Testo preso dal libro del biblista Ascoltarti è una festa. Le letture

Diciassettesima domenica del Tempo ordinario
La gioia di scoprire un tesoro
Testo preso dal libro
del biblista
FERNANDO ARMELLINI
Ascoltarti è una festa.
Le letture domenicali spiegate alla comunità
Anno A
Ed. Messaggero, Padova, pp. 431-439
L'archeologo Carter rimase per alcuni istanti stupefatto, allibito, quasi
paralizzato quando, introdotta una candela in un pertugio della tomba inviolata di
Tutankhamon, scorse il tesoro più ricco mai scoperto. I tre amici che erano con
lui lo interpellavano con insistenza, ansiosi di sapere cosa lo avesse ammaliato.

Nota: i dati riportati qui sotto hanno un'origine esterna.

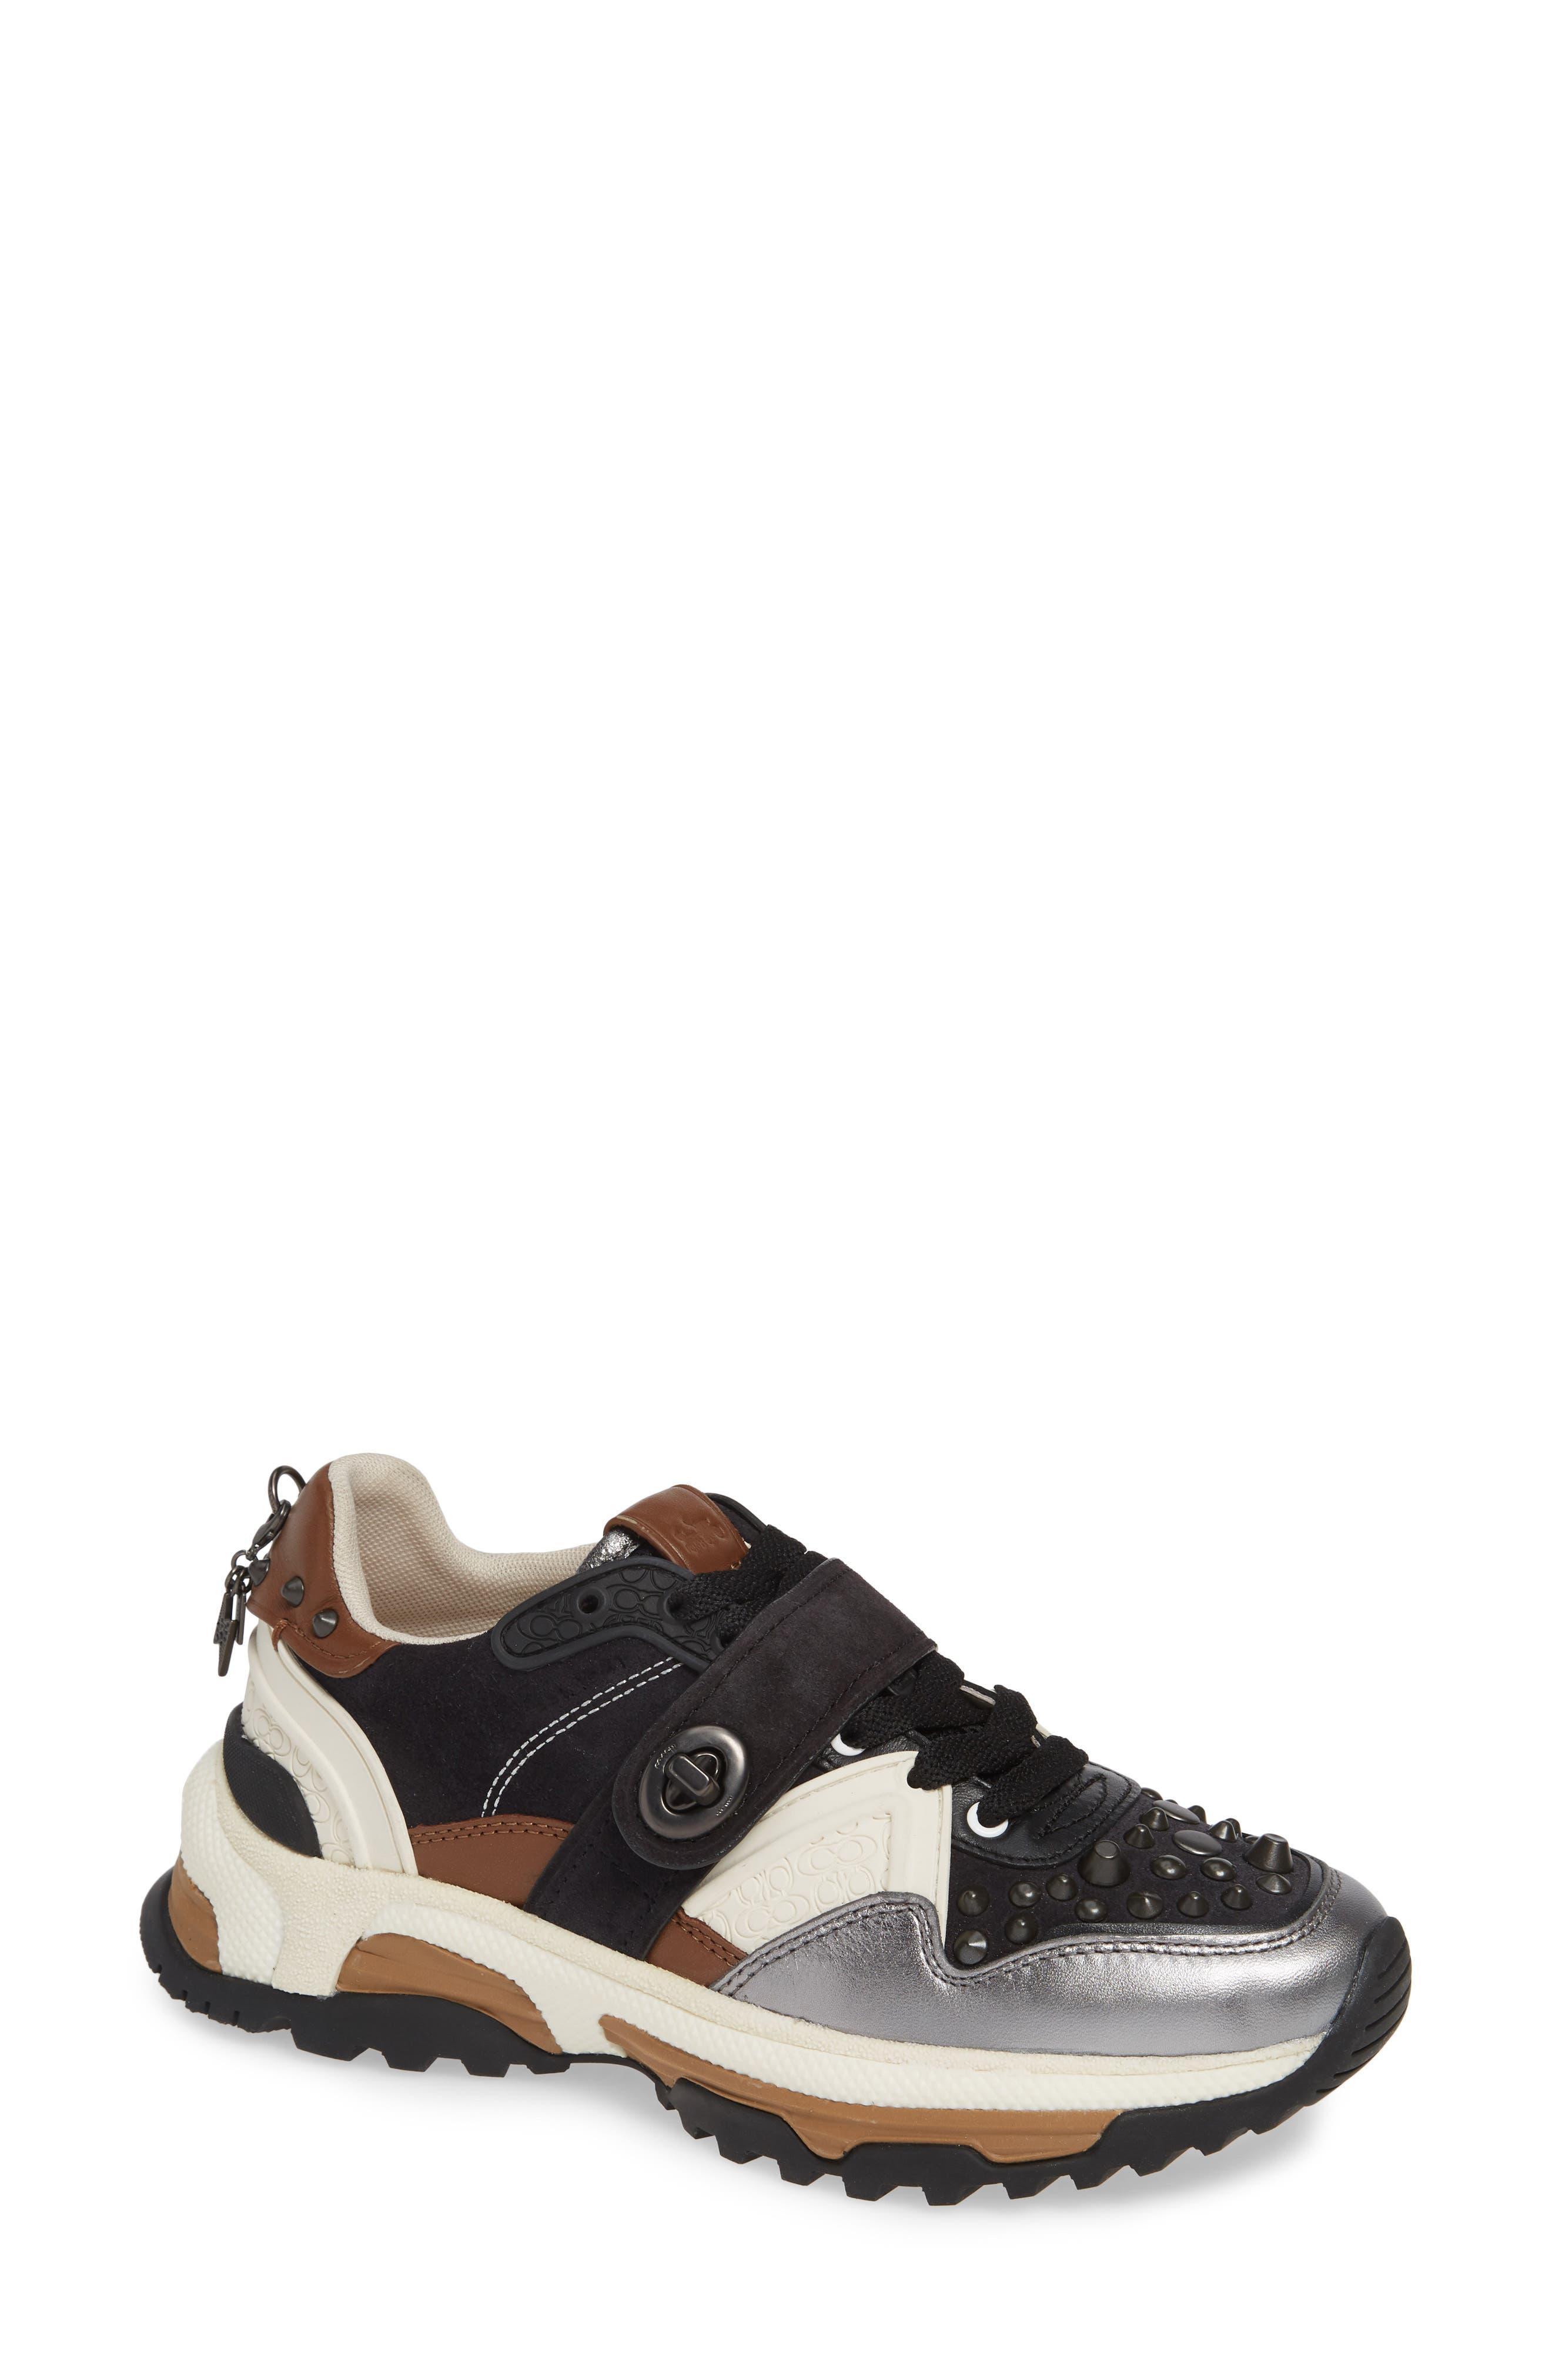 C143 Studded Sneaker,                             Main thumbnail 1, color,                             BLACK/ GUNMETAL LEATHER
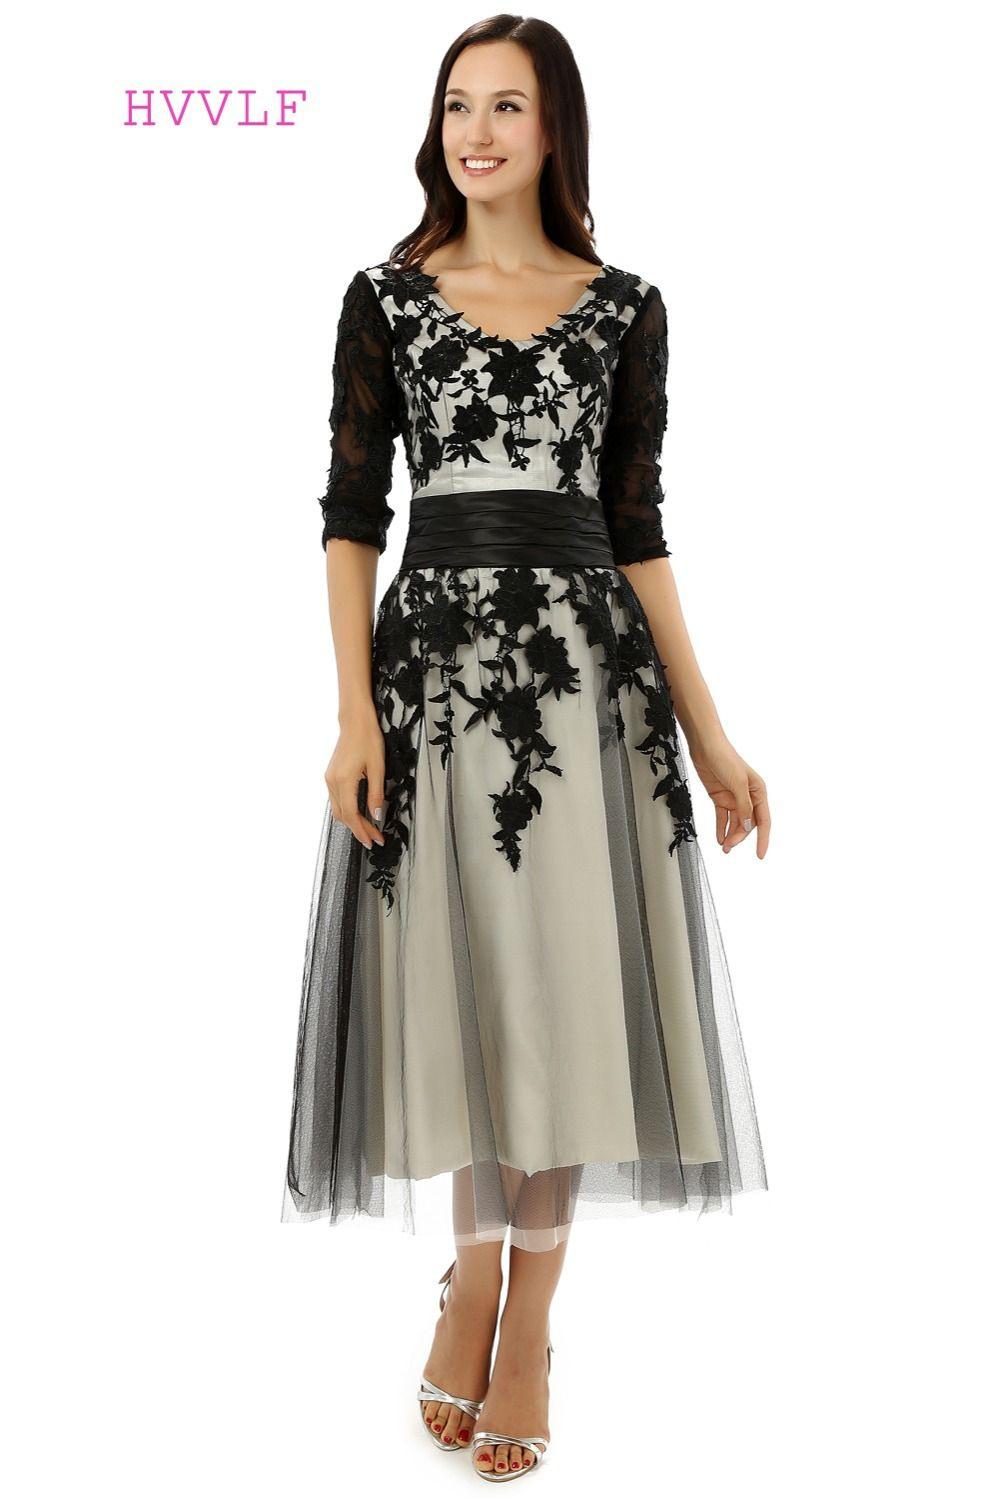 20 Luxus Halblange Abendkleider Boutique Elegant Halblange Abendkleider Vertrieb

Riuscì a farfugliare: «Cose meravigliose, cose meravigliose!». Non fosse per
questo tesoro, di Tutankhamon – un faraone della XVIII dinastia, morto
diciannovenne – ricorderemmo a malapena il nome.
Salomone visse nello sfarzo: «Ho accumulato – diceva – argento e oro,
ricchezze di re e di province, insieme con le delizie dei figli dell'uomo» (Qo 2,8),
ma non furono questi i tesori che lo resero famoso.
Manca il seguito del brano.